Important: every save of the Taxes panel replaces all location rows. If you edit one row and delete another, your save reflects exactly the rows visible on screen at save time — nothing merges from a previous save. Be sure every location you want to keep is visible before clicking Save.

7. Save

Click Save Tax Settings. A green success message reads Ecommerce configuration has been successfully updated! at the top.

8. Verify at checkout

Open your store in a private browsing window, add the Tote Bag to your cart, go to checkout. Enter a test address in each of your tax locations and confirm the Tax Label appears with the expected amount. For addresses outside your Location-Based rules, the tax uses your Global Rate (or $0 if that is the global). If Apply tax to shipping is Yes, the tax total is computed against subtotal + shipping; if No, against subtotal only.

What success looks like

  • The green Ecommerce configuration has been successfully updated! message appears after Save.
  • Checkout shows a tax line with your label and the expected amount.
  • Switching addresses at checkout updates the tax amount to reflect the destination's rate.
  • Inclusive pricing shows the same displayed price as before but breaks out the VAT portion on the invoice.
  • Exclusive pricing adds a visible "Tax: $X.XX" line beneath the subtotal.
  • Removing a location row and saving causes shoppers in that location to fall back to the Global Rate on their next checkout.

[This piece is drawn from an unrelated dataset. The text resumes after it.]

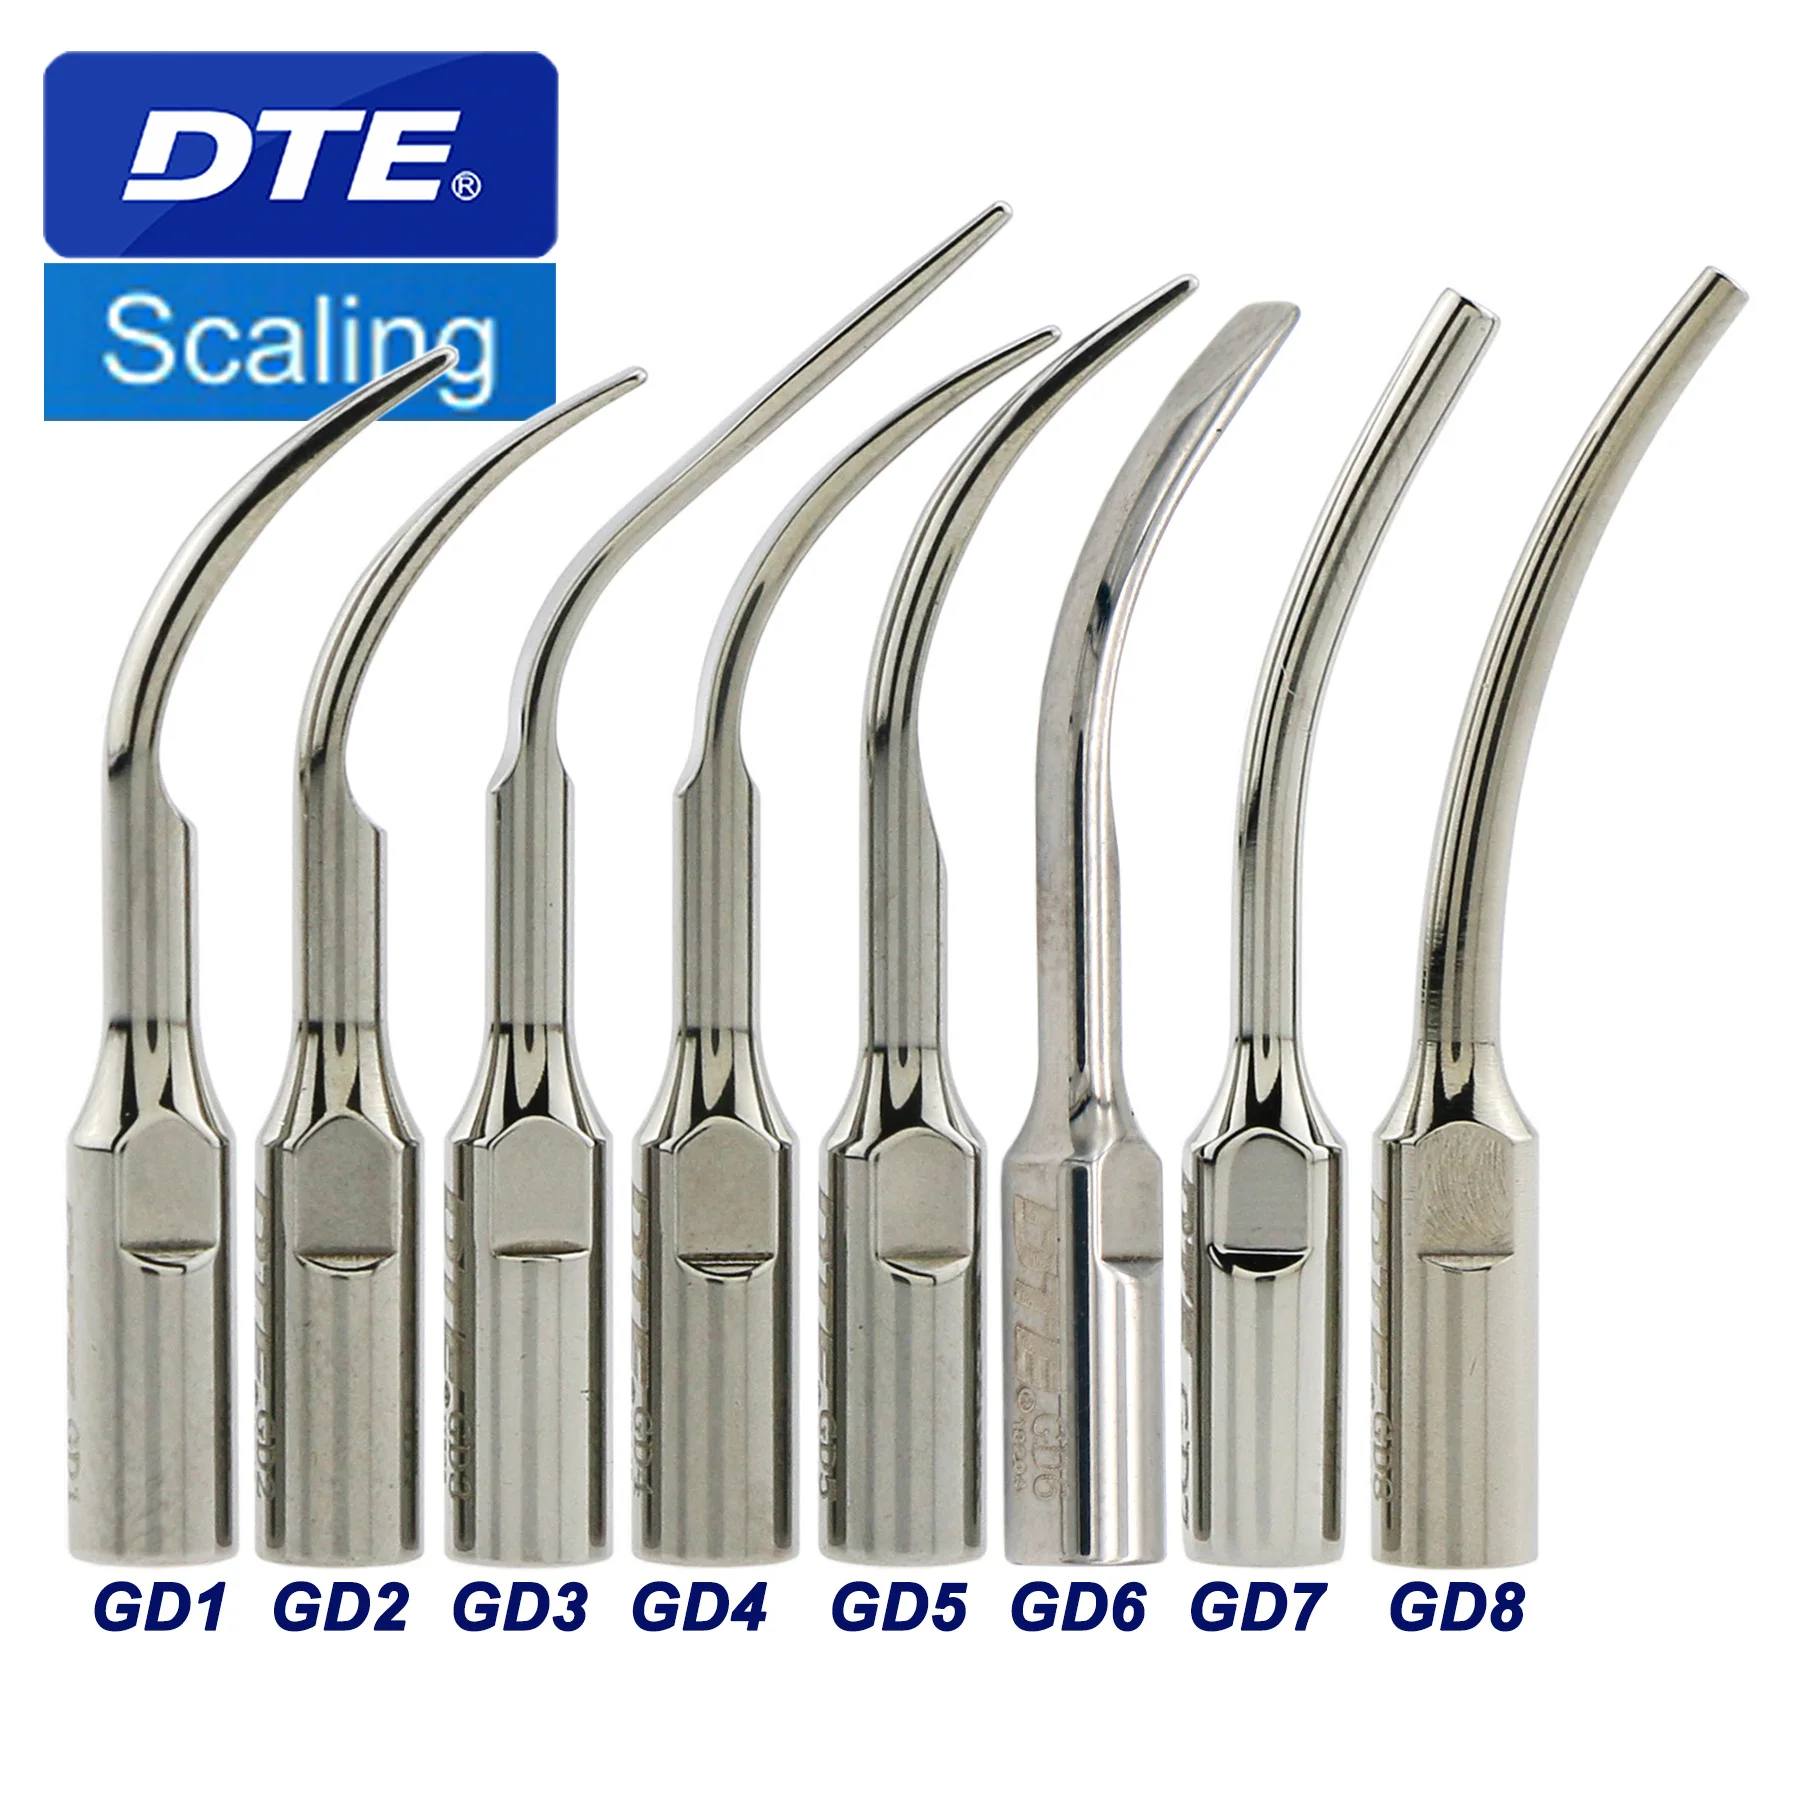 

Woodpecker DTE Series Dental Supragingival Scaling Tips Ultrasonic Scaler Tip GD1 GD2 GD3 GD4 GD5 GD6 GD7 GD8 Fit NSK Satelec

What to do if it does not work

  • No tax is applied on any order. Confirm the Tax System master switch is on and Global Tax Rate or a matching Location-Based rate is set. A Global Rate of 0.00 and no matching location means zero tax — that is expected.
  • Tax is being applied at the global rate even for a shopper in one of my location rows. Confirm the shopper's address exactly matches the country AND state on the location row.
  • I saved and one of my location rows vanished. Every save replaces all rows. If a row was missing from the screen at save time, it is gone from the stored rules. Re-add it and save.
  • My label says "Tax" on the invoice even though I set it to "VAT." Hard-refresh the admin panel and reopen Taxes — confirm the Tax Label field shows VAT. Save again. Old invoices keep the label they had at time of order.
  • Shipping fee is suddenly being taxed. Check Apply tax to shipping — if it is Yes, shipping is in the taxable total. Flip it to No if that is what you want and save.
  • Inclusive pricing changed my listed prices. Inclusive pricing does not edit your saved product prices; it changes how the split is shown on the invoice.